Rough voices hidden from view. I hear the word "shadows" and know that they're going to come and catch me soon if I don't hurry. The twang of a crossbow and a scream give the guards pause. I have to focus.
I close my eyes and think about Cole. I picture the way he'd burned for me last night. I feel the way my shadows and his fire danced in his eyes as his hands and lips had roamed over my body. I see his strength and his need to protect me, even from himself.
My mind is filled with the image of his eyes burning bright orange for me as he lay on top of me, his skin against mine, as I gave myself to him.
The shadows pour from me like they're coming from an ocean of blackness, and for the first time since I began, there are too many shadows for the steel to devour. It only takes a few seconds before I hear it click open.
I'm just in time to slide through the door into another room. "It's a woman!" By then, it's too late for them to catch me. I click the lock back in place as soon as I close it, and then I breathe.
I have time now, but I don't want to wait. Those guards are going to get Casimir, and if he catches me, both me and Cole are going to die. Casimir will blame Cole for letting someone from the House of Shadows survive. Much less claiming me as his betrothed.
My feet are moving immediately. I'm in the mountain now, and torches hang from the walls in the three paths. The labyrinth. This is the only part that I'm nervous about. There's no way to use magic to get through the labyrinth. No way that my shadows can help me at all.
Cole gave me directions, though. He said that Casimir had taught him how to get through the labyrinth when he was younger. Just in case Casimir died and Cole took over as King of Flames.
I take the central path, just like he told me. Running like I'd do in the forest, I play the directions back in my head.
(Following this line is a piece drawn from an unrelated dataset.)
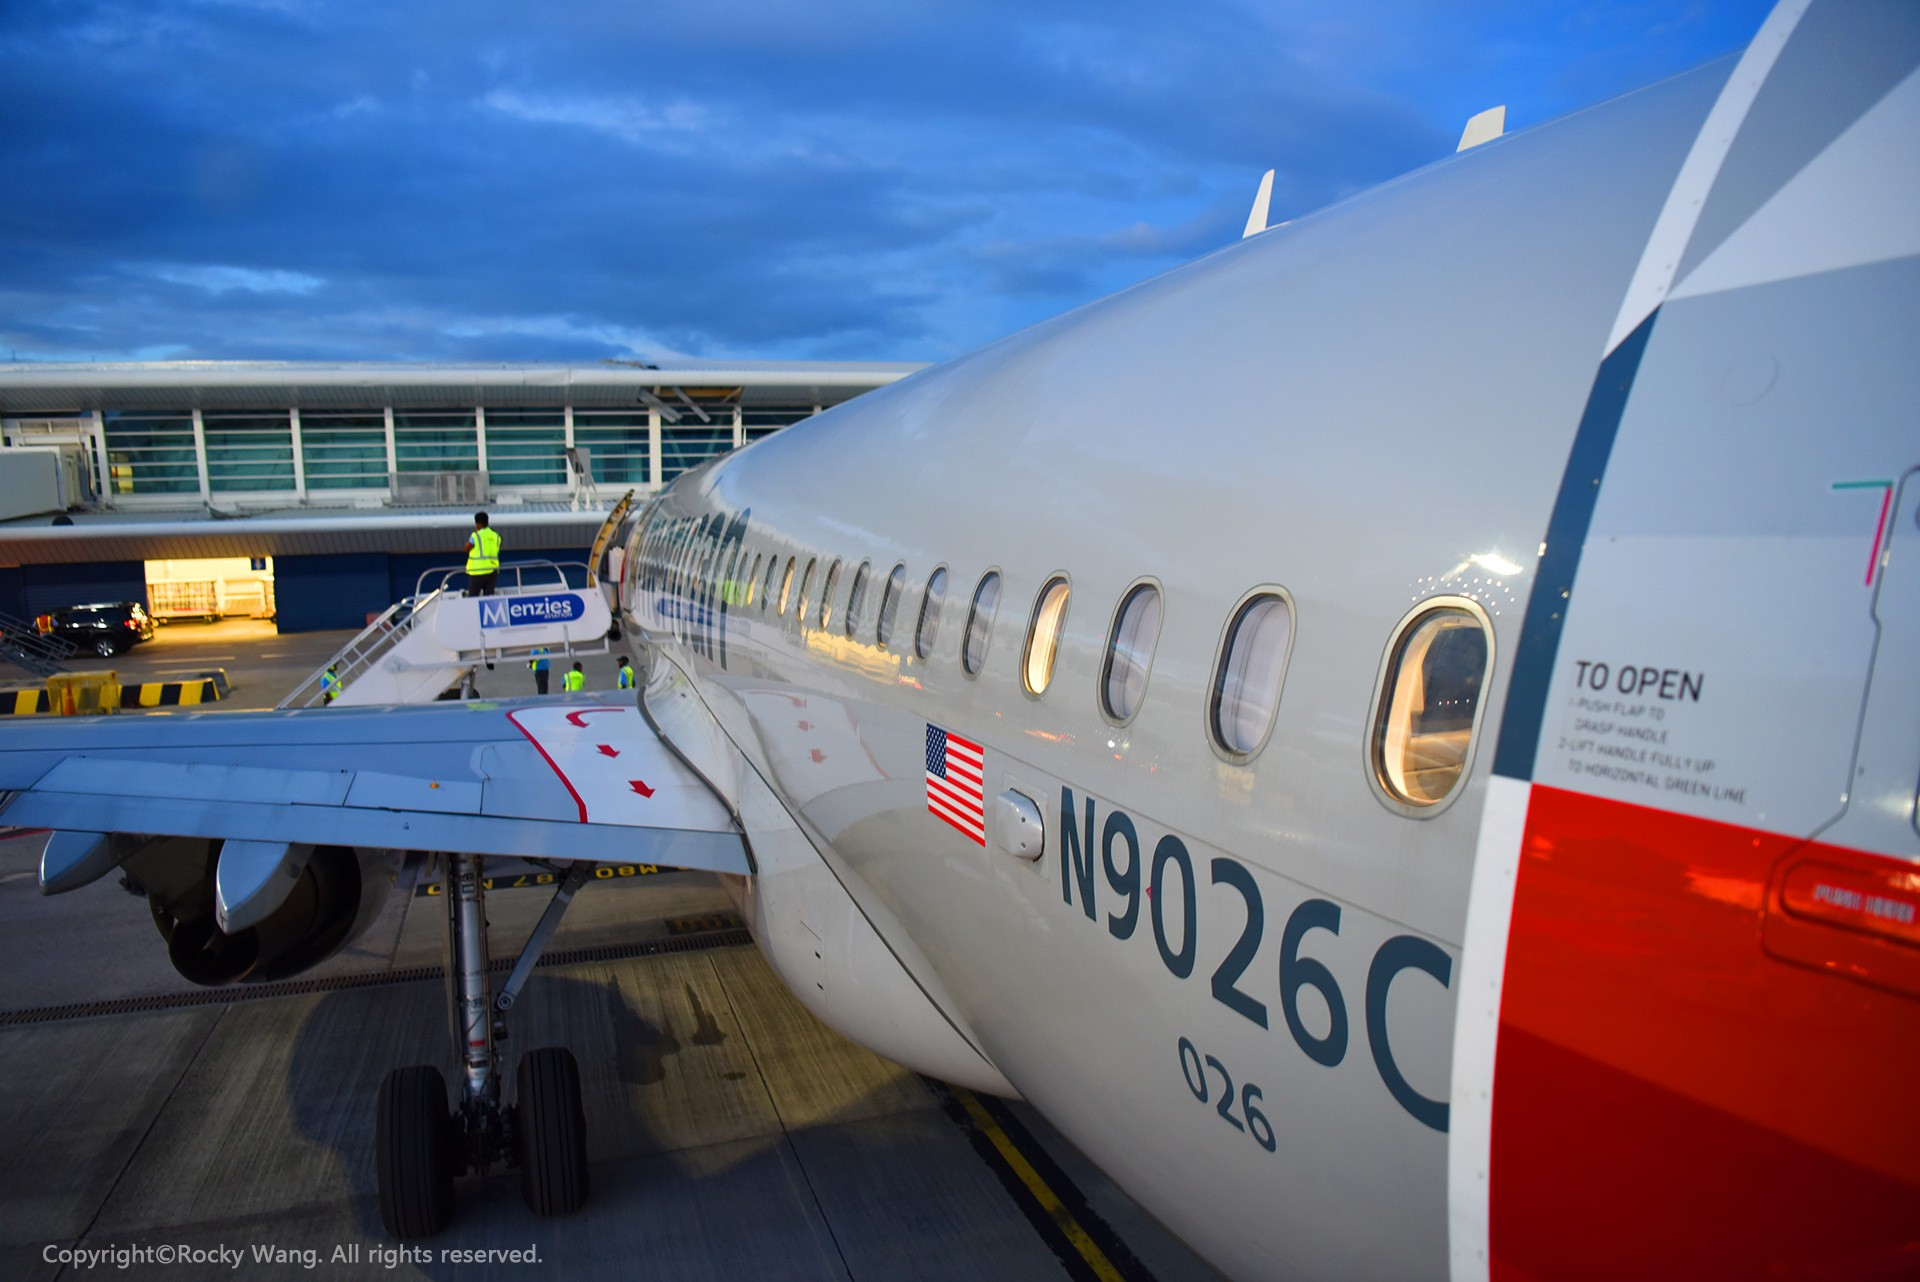 Re:[原创]简易版游记,纪念一次30段的环球飞行和一些碎碎念 AIRBUS A319-115 N9026C Princess Juliana Int'l

I'd memorized them and repeated them on four different occasions over the last three days. I know the directions backward and forward.
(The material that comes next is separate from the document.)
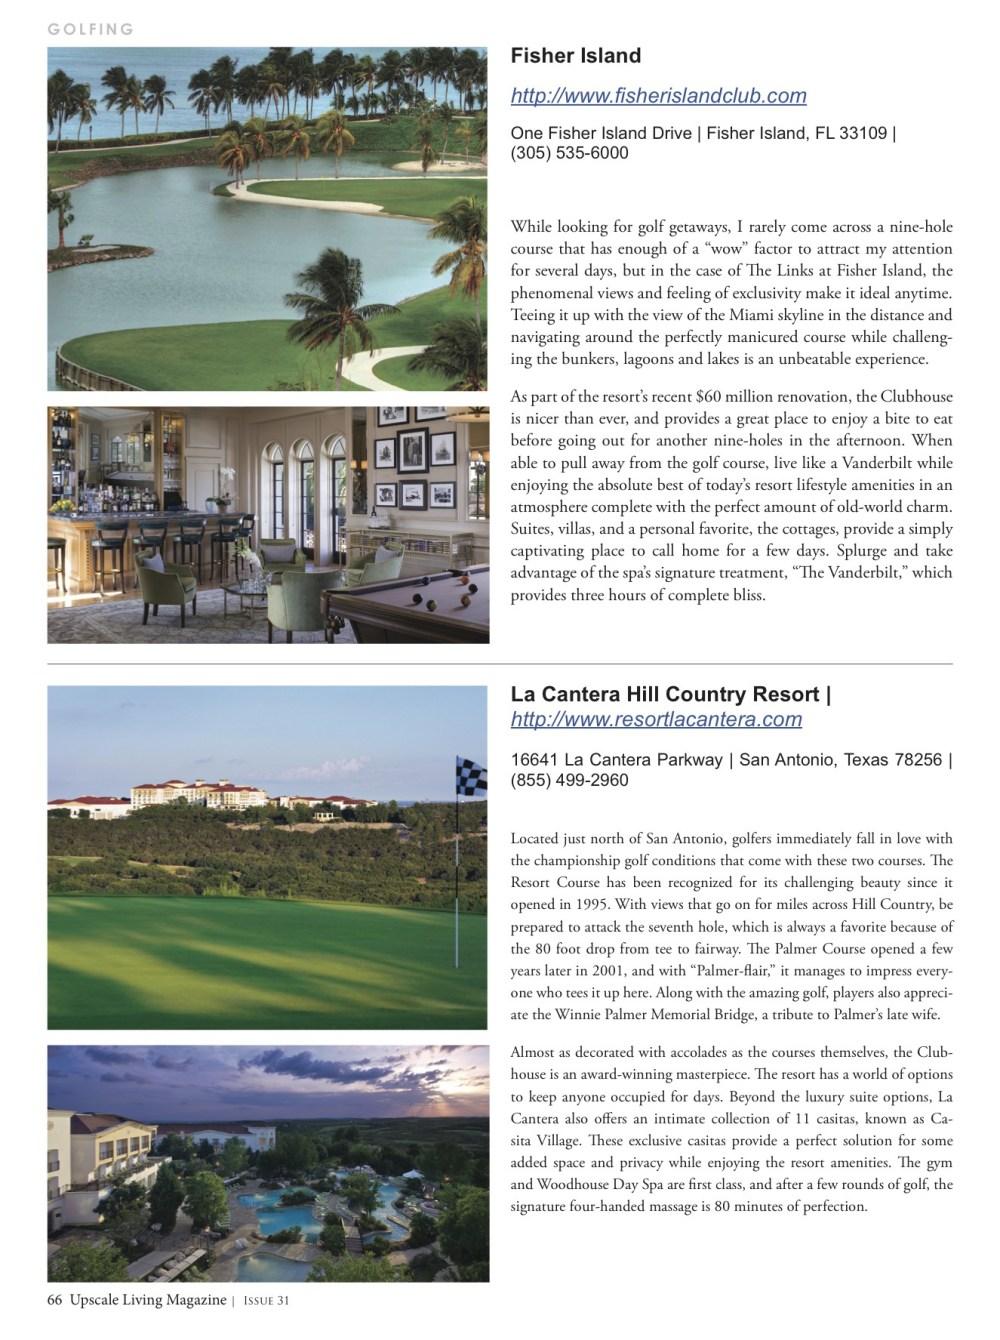 ULM_DamonMBanks_Golf_2

But it's been hundreds of years since Cole was in this labyrinth.
Hundreds of years of his father being very disappointed in him.
I follow the directions regardless. Second left. Fourth right. Right at the "V". You'll know if you're in the right place because there will be a ladder down. Second left.
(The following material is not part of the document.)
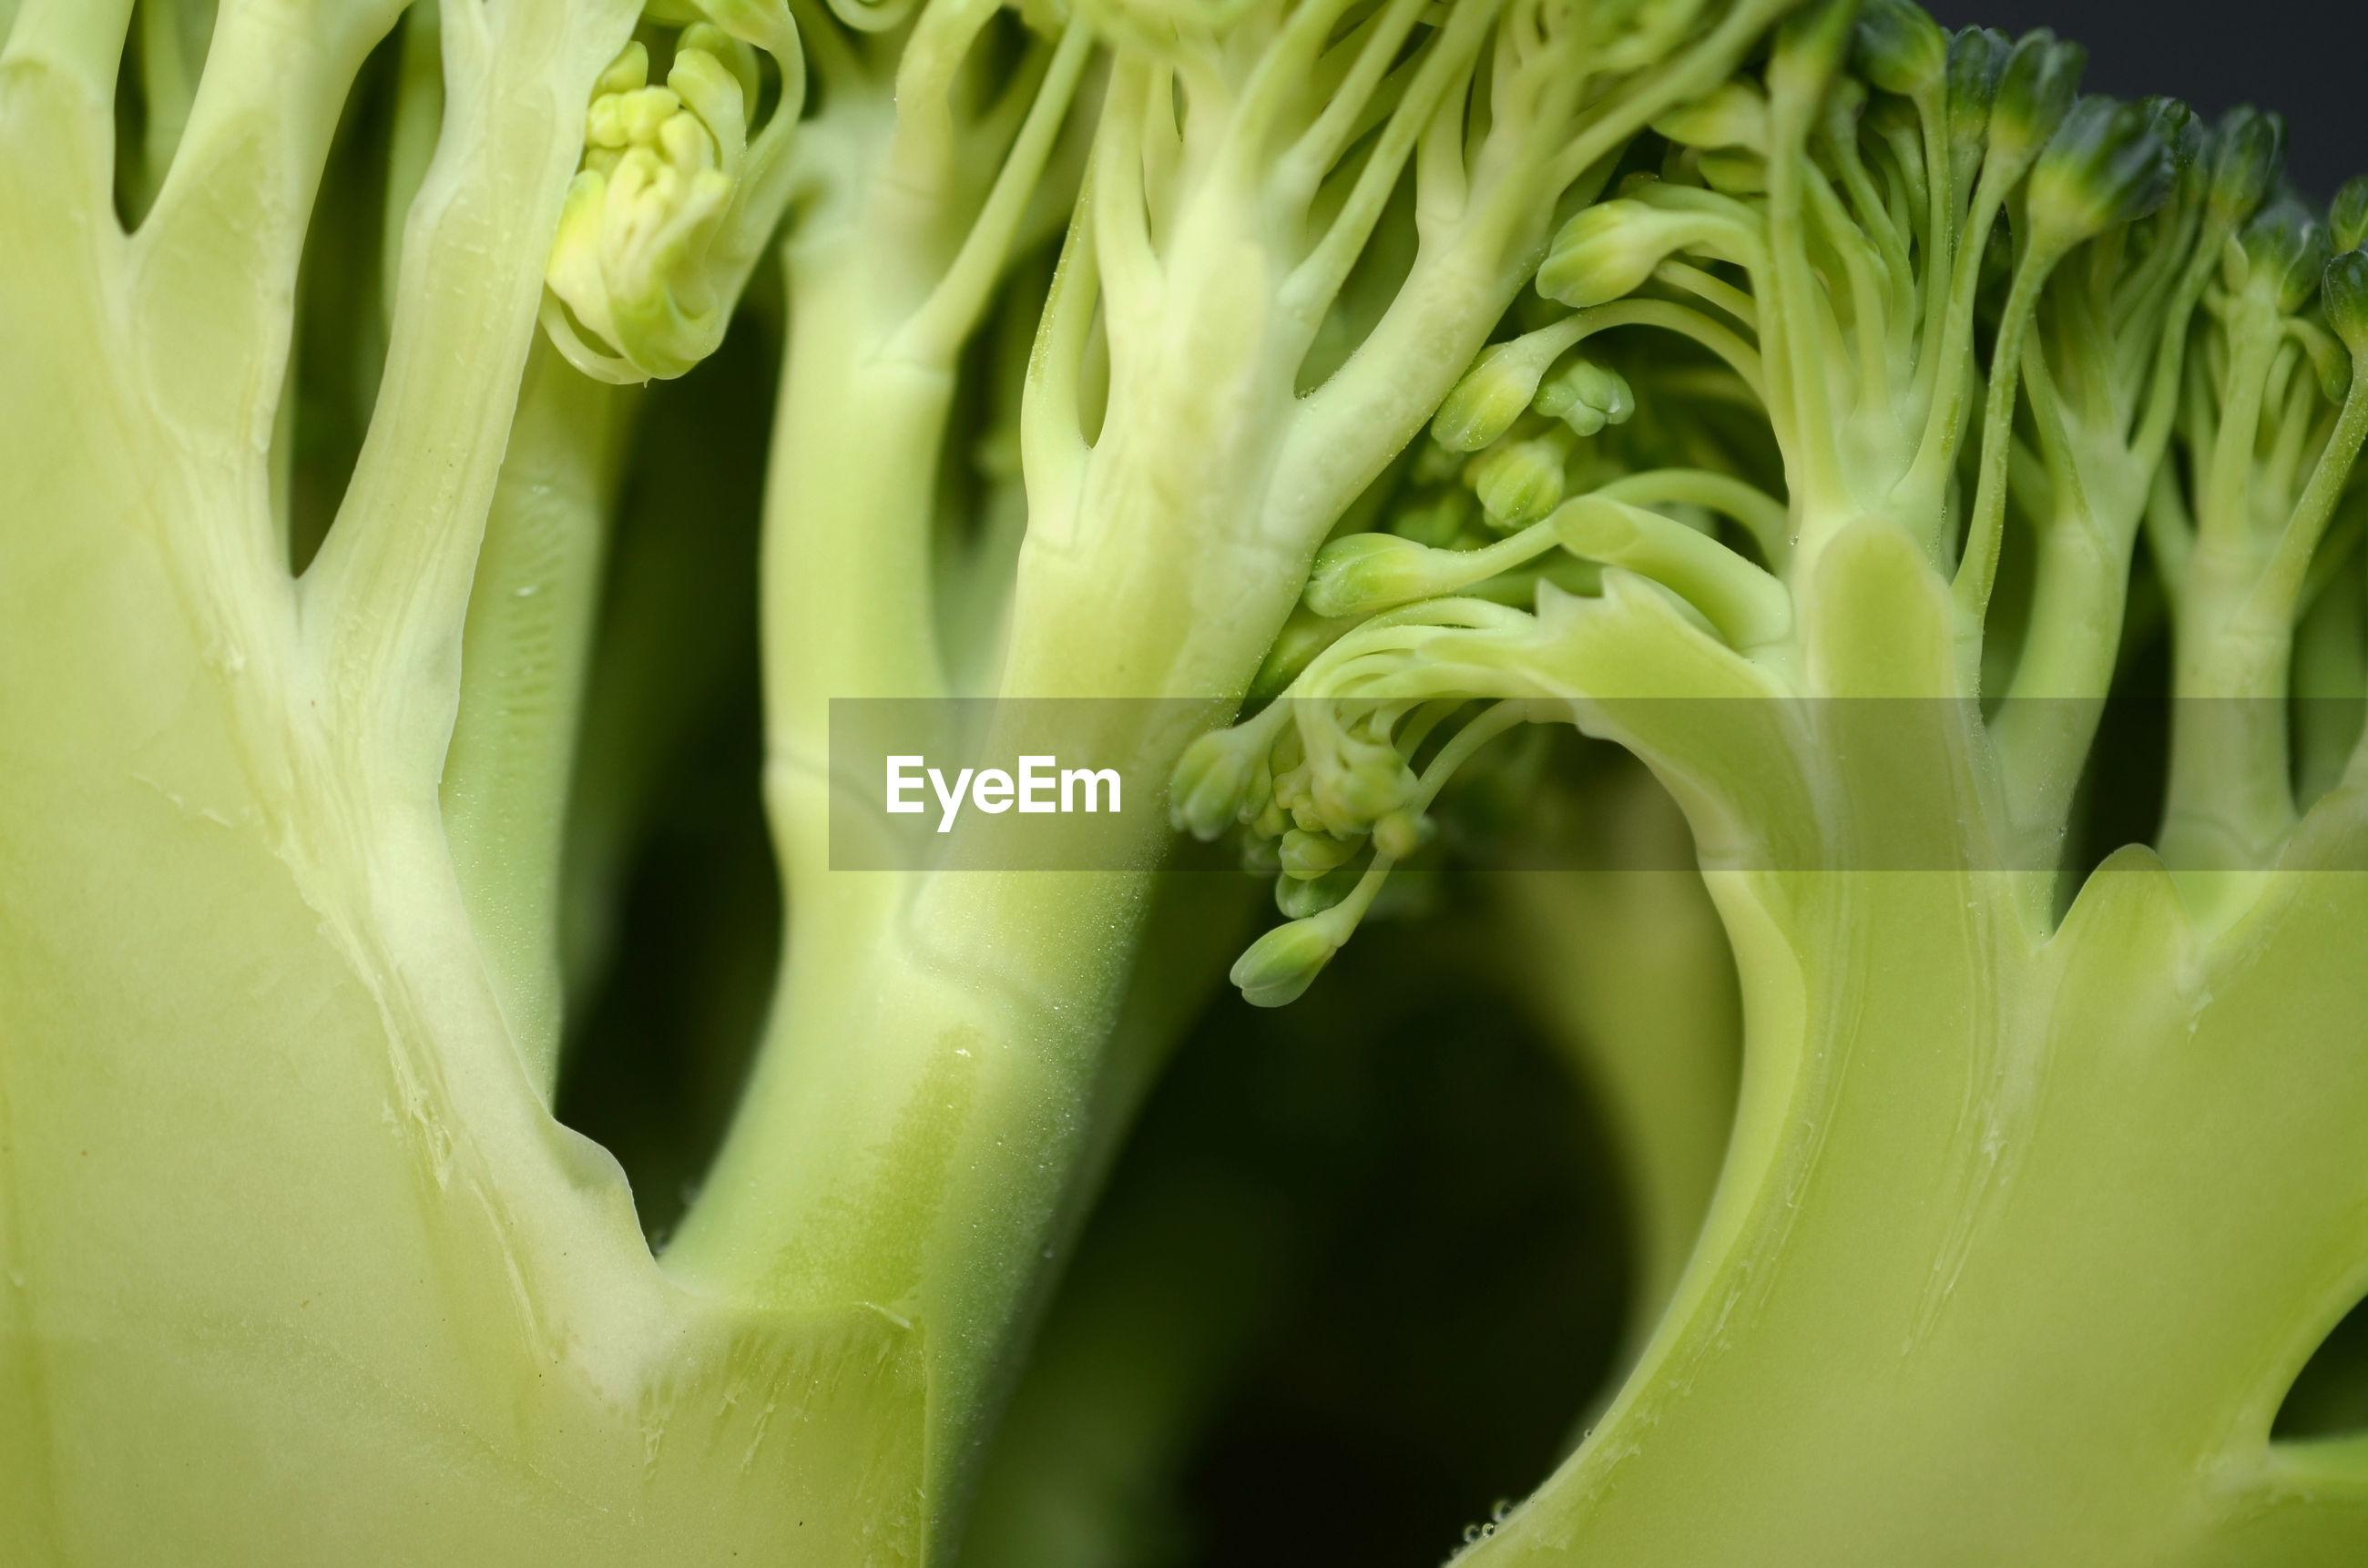 Cross section of broccoli vegetable on close macro shot

I'm getting winded as I run. I haven't heard anyone following me. There's no crashing against the steel door that would reverberate through the labyrinth. No shouting. It's just my footsteps on the uneven floor of the cave. The sound of soft splashes as my feet find the tiny pools that flash with torchlight.
It feels like I've been running forever, but I know I haven't been. Everything's distorted when you're hidden under the world. When you feel like the mountain is going to come crashing down on you. Or that Casimir will fill this place with fire, and I'll be dead and trapped in a hole where no one will find me.
I keep following the directions, though. What else is there to do?
Until I run straight into a dead-end.